Wednesday, October 06, 2021

40 years today!

“Our days may come to seventy years or eighty, if our strength endures; yet the best of them are but trouble and sorrow, for they quickly pass and we fly away... Teach us to number our days, that we may gain a heart of wisdom... Satisfy us in the morning with your unfailing love, that we may sing for joy and be glad all our days.” Psalm 90:10-14

God willing, the second half of my life is just about to begin. I am thankful to Him for shaping this blob of miry clay, to who she is today. Still lots of molding and chiseling to do, but He has done a mighty work in me in the last 40 years – and for that I want to praise Him with joy.

From my early childhood years of not knowing my Creator, He used Sunday School to show Himself to me. From a girl who was prone to steal and lie, the Holy Spirit used guilt to convict me of sin and my need for His light in my darkness. From a school girl standing by a pond, He gave me a yearning for the eternal – that there is “no point”, if this life was all there is.

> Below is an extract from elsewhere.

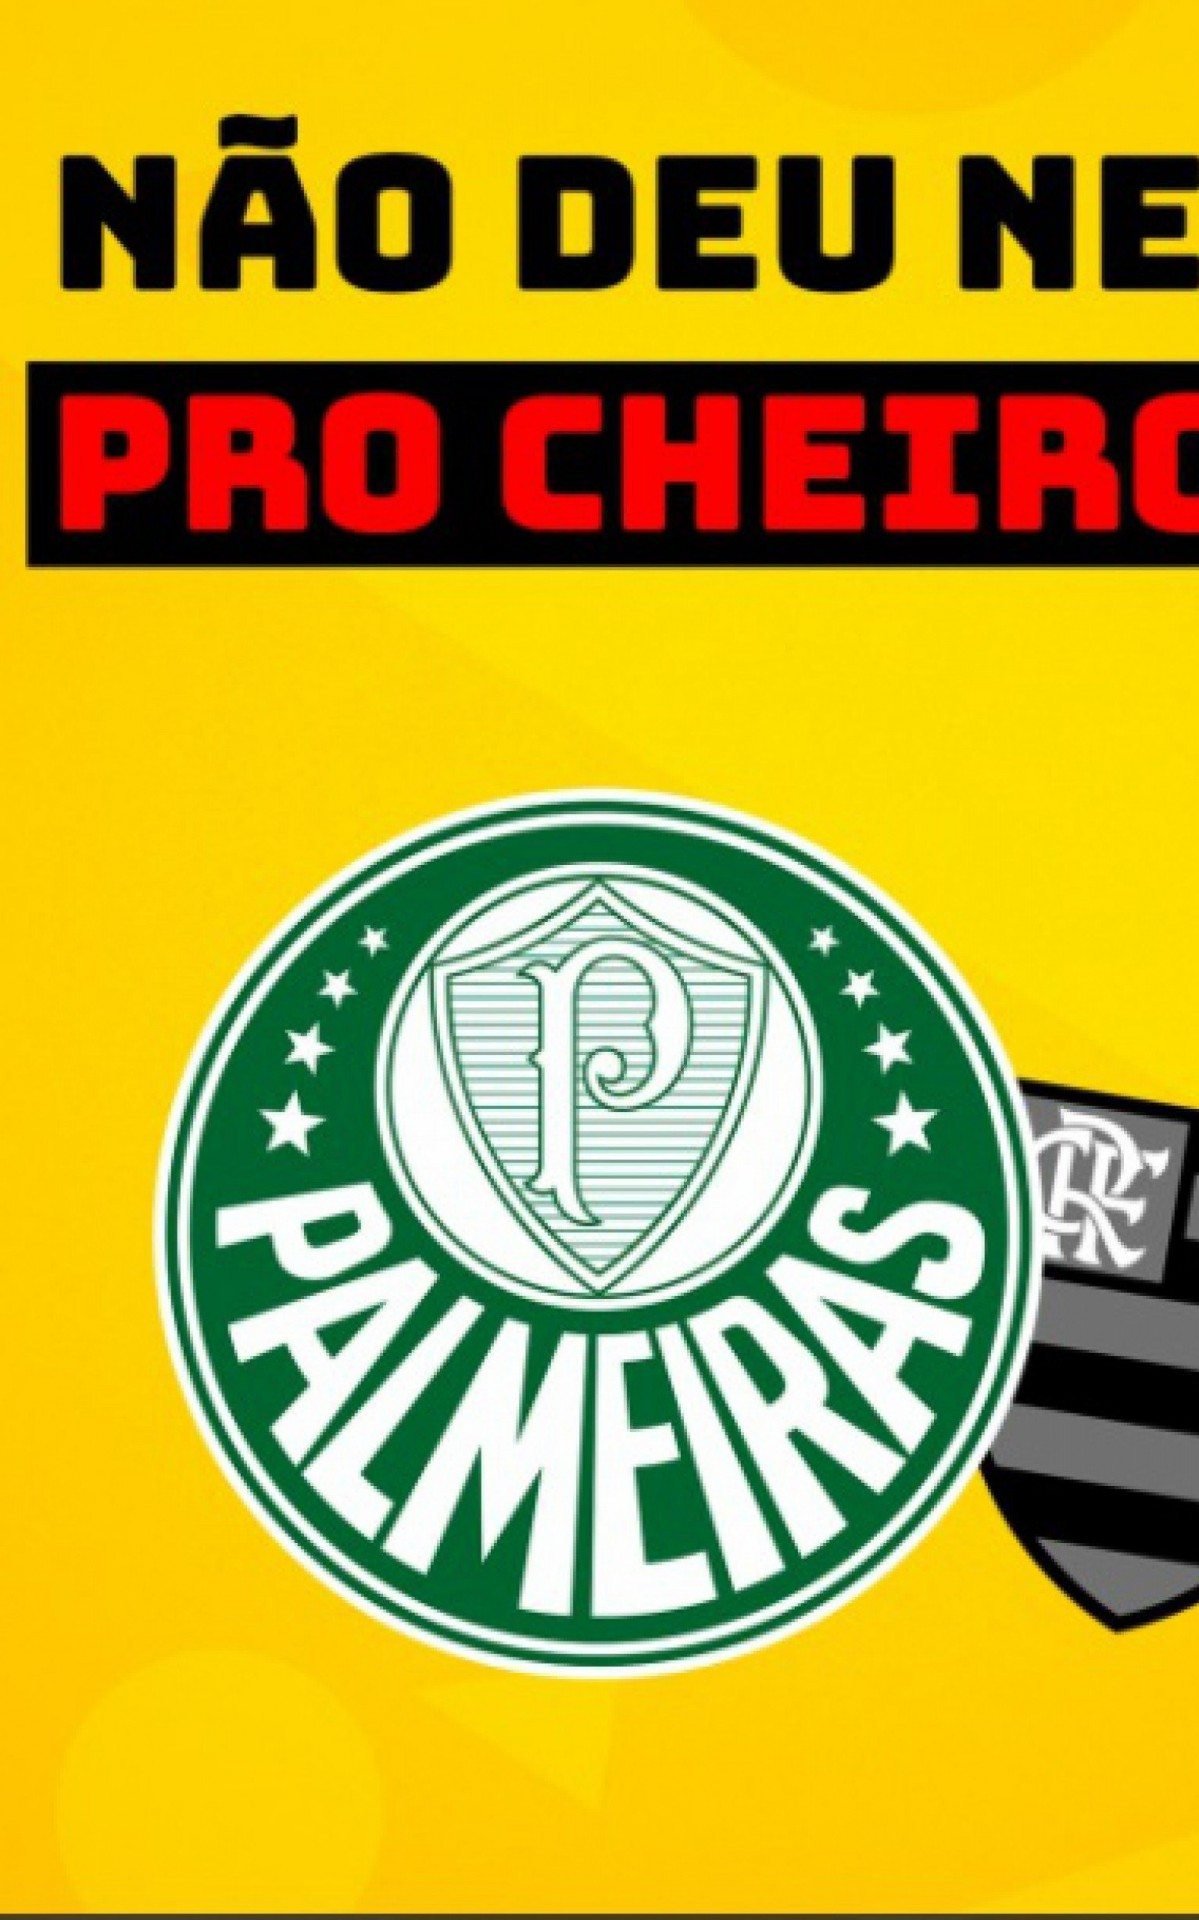 Palmeiras: classificação para a final da Libertadores gera memes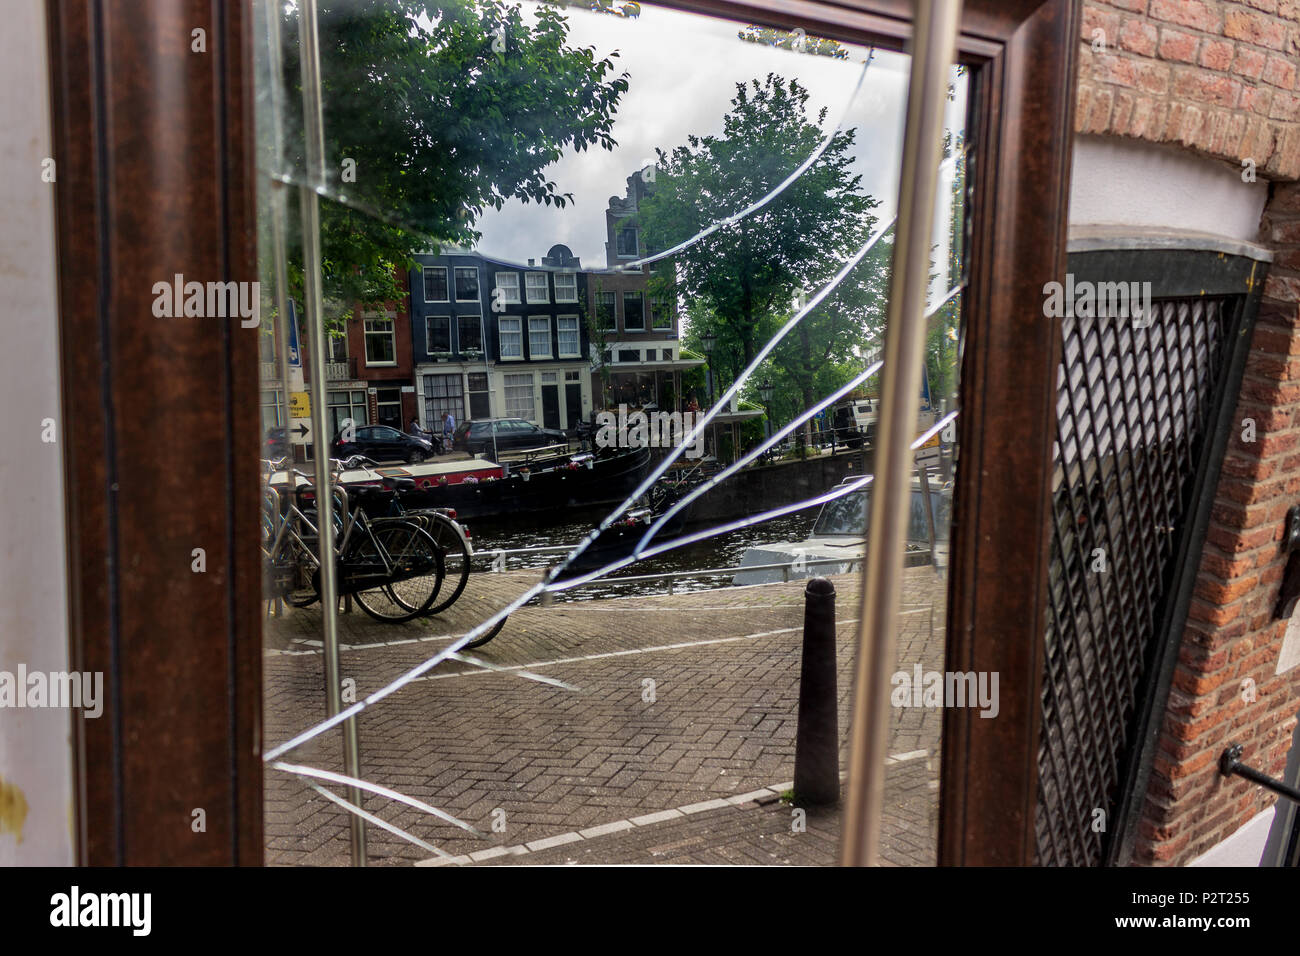 Un scartato specchio rotto riflette ancora un idilliaco paesaggio di una casa galleggiante, case e biciclette fodera un canale di Amsterdam, Paesi Bassi. Foto Stock

From one who shocked herself at what her unchecked rage can make her do – scratch up her sister with broken glass and sweep things off her table; He showed me how ugly and depraved I could be, a danger to others and myself. From a teenager who struggled with body image and so many insecurities – He showed me that He is the One who makes me beautiful. From an adult sitting in a cab in Beijing all by herself in a city where no one knows her, He became my defining reality and sufficiency.

He redeemed my broken heart, and gave me Arthur. He brought me to a foreign land to teach me lessons that I would not have learnt otherwise. He deepened my understanding and faith through Trinity and the lives of the spiritual giants I get to hear from. He made me a mother to Mya and Elliot, and showed me what an abounding-in-love Heavenly Father I have. He made me learn forgiveness, and how Jesus paid it all. He blessed me with an imperfect church that I love and community. He entrusted me with responsibilities at church and at work, at such a time as this. He continues to bless me with my MooMoo who speaks blunt truth to my heart like no one else does, and my parents whom I pray I can love better in person than from afar.

Some women, when they reach 40 say that they are finally “comfortable in their own skin”. I think I can say that on most days… It’s not because I have reached a state of perpetual contentment (I wish!). But when His Word is my truth, He knows and loves me for who I am, He defines me; it has all been said and done. I just pray that I will continue to abide in Him, keep my eyes on Him, serve Him and live for Him… May He help me stay faithful and true to Him, and ready me to meet Him face to face when that day comes.